The gqcnn Python package is for training and analysis of Grasp Quality Convolutional Neural Networks (GQ-CNNs). It is part of the ongoing Dexterity-Network (Dex-Net) project created and maintained by the AUTOLAB at UC Berkeley.
Please see the docs for installation and usage instructions.

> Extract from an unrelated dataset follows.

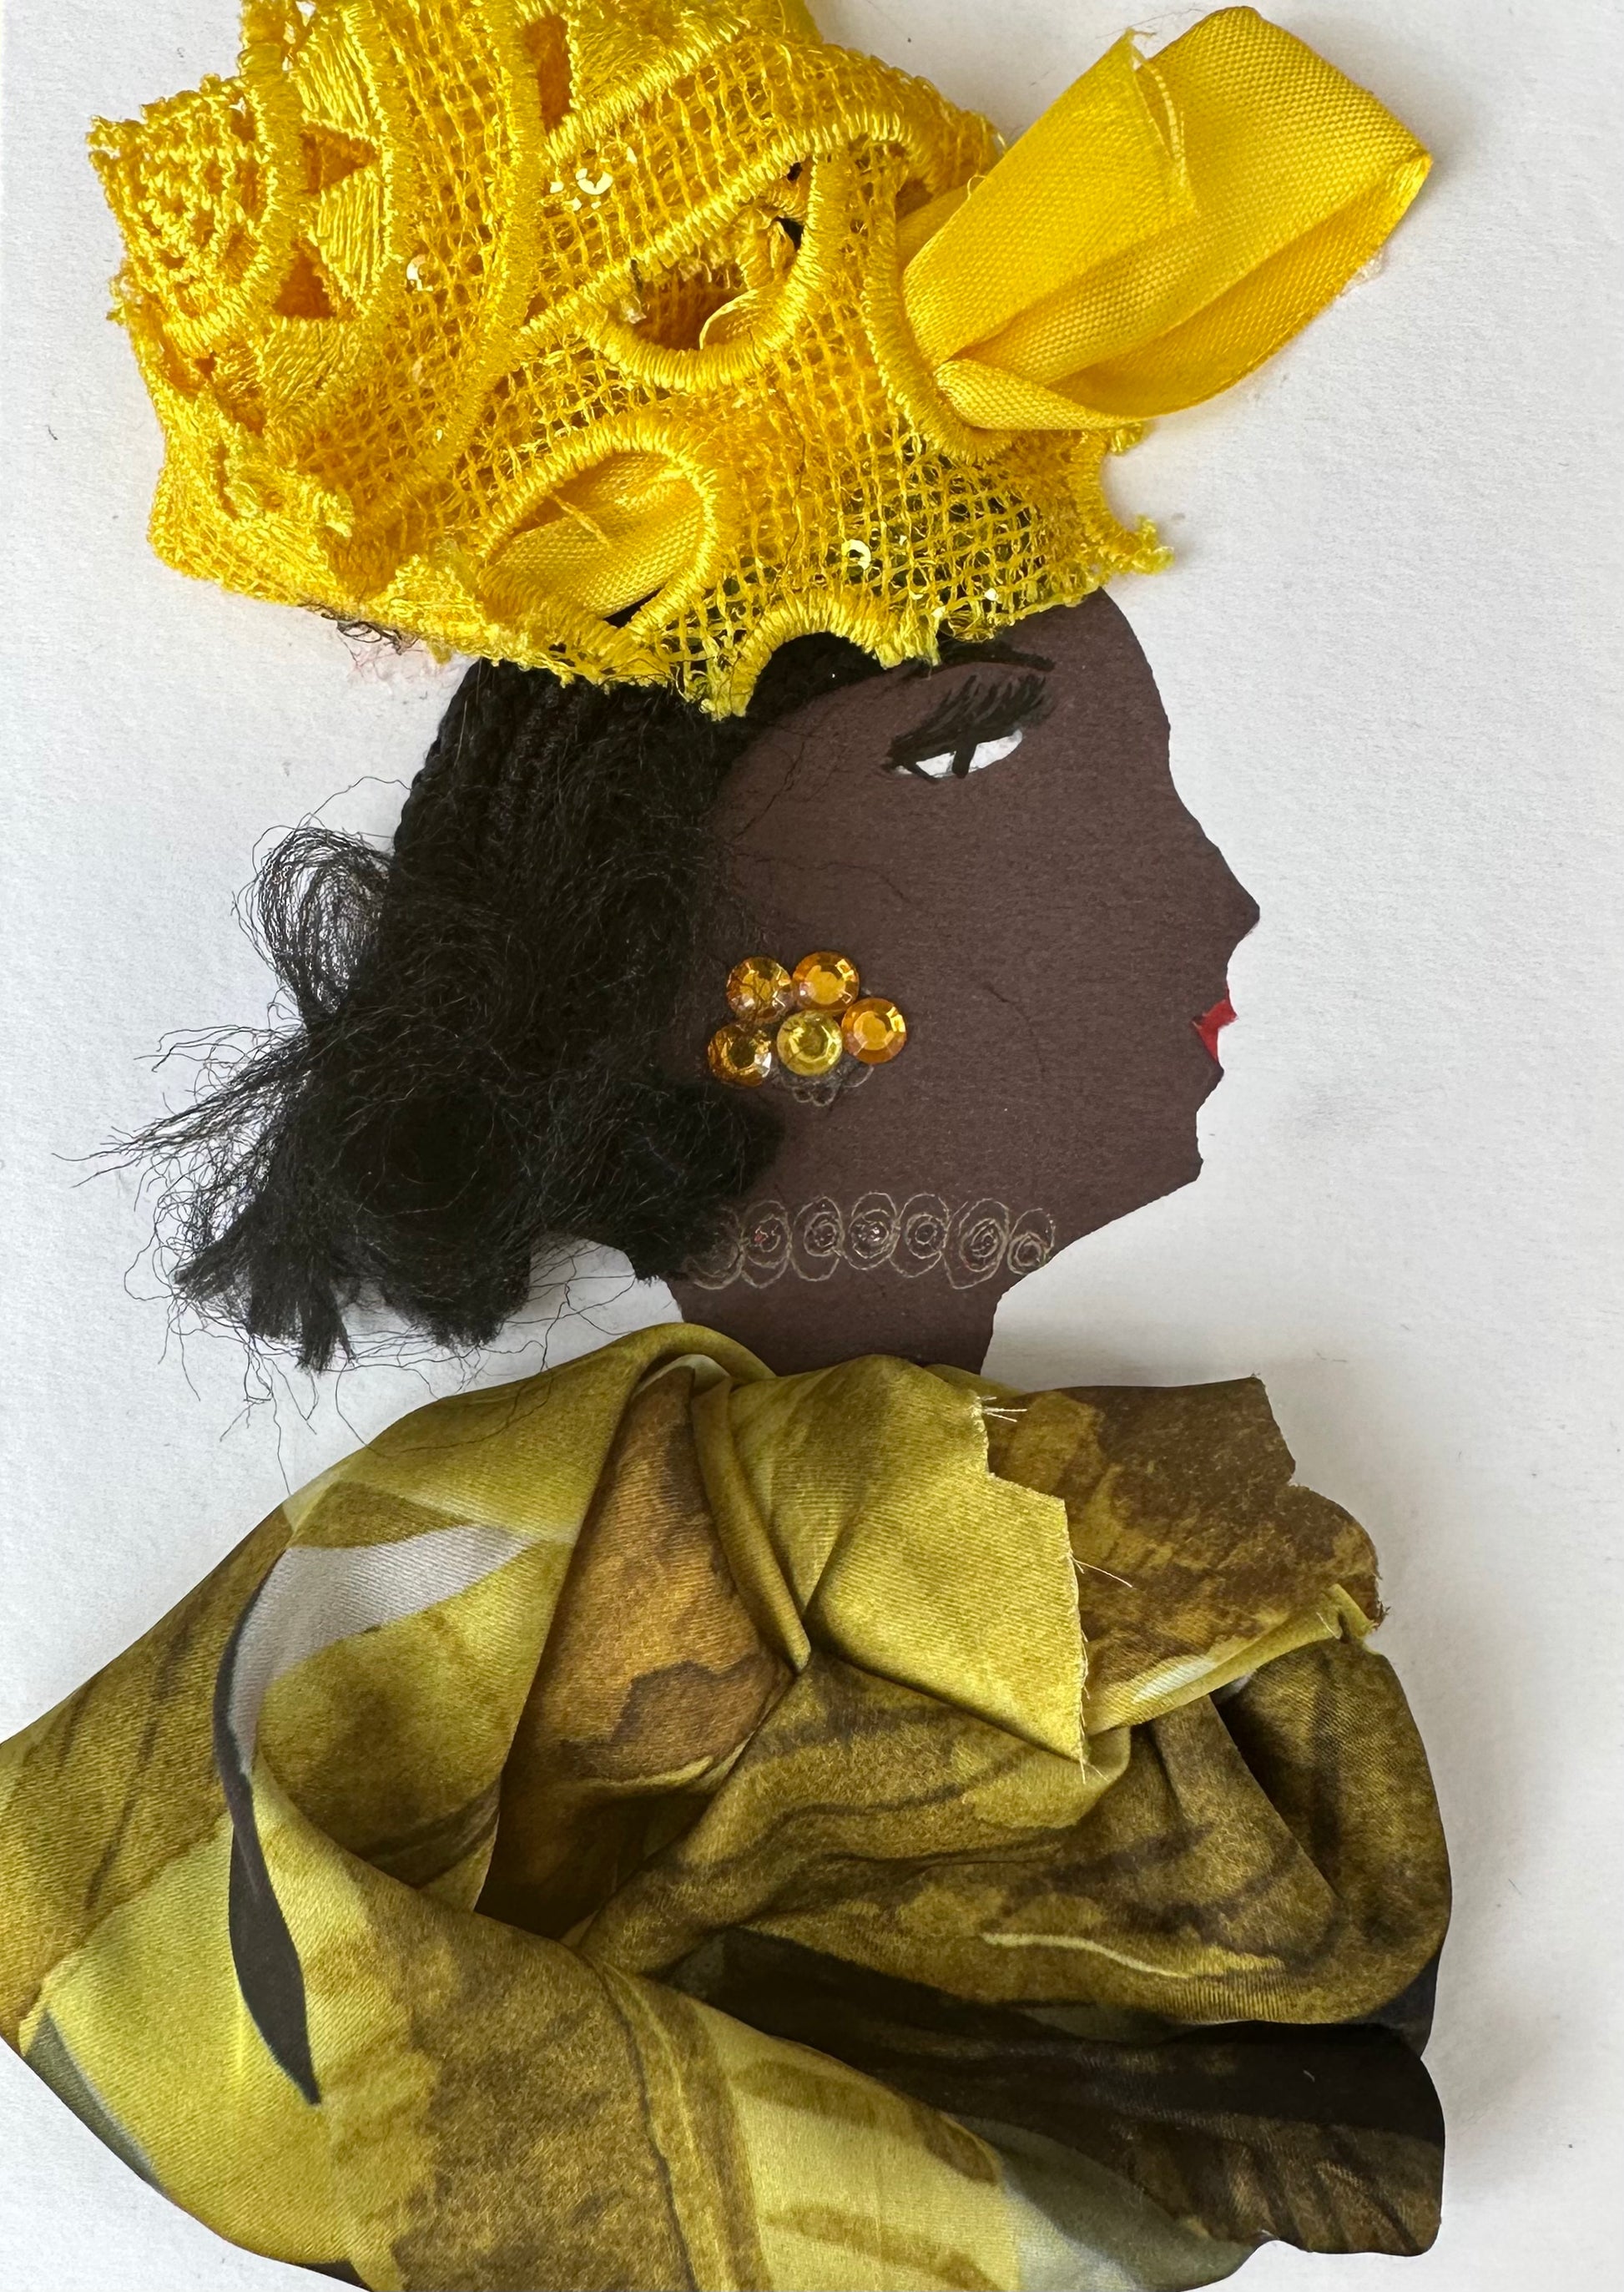 I designed this handmade card of a woman dressed in a yellow and brown patterned blouse. Her hatinator is composed of a lace-like material, and her earrings are golden yellow gemstones. 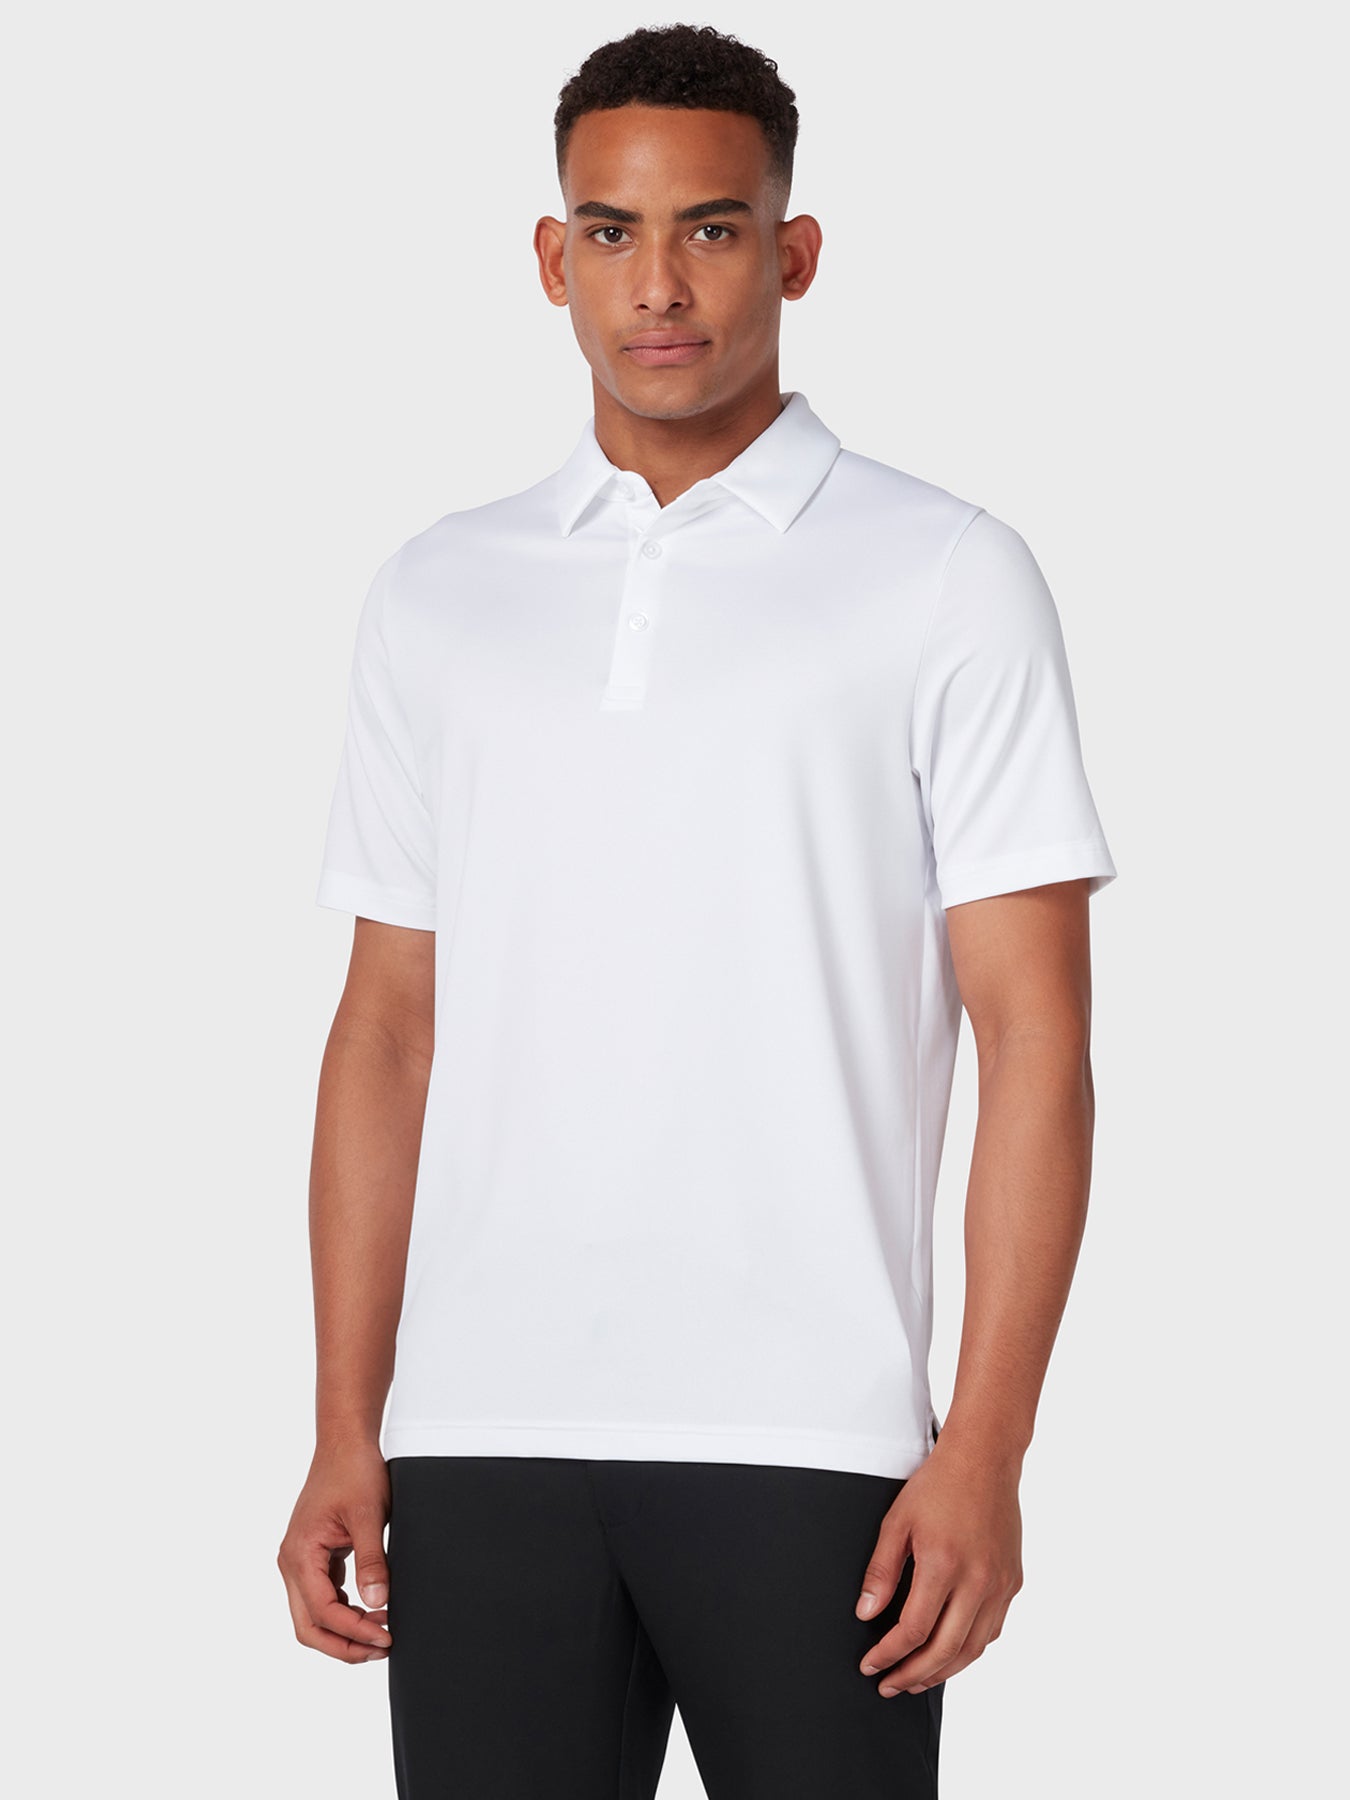 View Swing Tech Tour Polo In Bright White Bright White S information

1.clone docker to your <workspace_ws>.
git clone https://github.com/errrr0501/docker_20.04_CUDA12_tf1.15
2.build it and run it.
3.clone and build realsense_ros2_wrapper.
#open a new terminal
mkdir <your realsense workspace>
cd <your realsense workspace>
git clone https://github.com/IntelRealSense/realsense-ros.git -b ros2-development
colcon build
4.make a workspace and clone gqcnn and autolab_core.
#open a new terminal
mkdir <your gqcnn workspace>
cd <your gqcnn workspace>
git clone https://github.com/errrr0501/ROS2_gqcnn.git
git clone https://github.com/errrr0501/ROS2_autolab_core.git
colcon build
5.use with your camera topic.
#open a new terminal
cd <your realsense workspace>
source install/setup.bash
ros2 launch realsense2_camera rs_launch.py depth_module.profile:=640x480x30 rgb_camera.profile:=640x480x30 align_depth.enable:=true
#open a new terminal
cd <your gqcnn workspace>
source install/setup.bash
ros2 launch gqcnn grasp_planning_service.launch.py
#open a new terminal
source install/setup.bash
python3 src/ROS2_gqcnn/gqcnn/examples/policy_camera_ros2.py
If you use any part of this code in a publication, please cite the appropriate Dex-Net publication.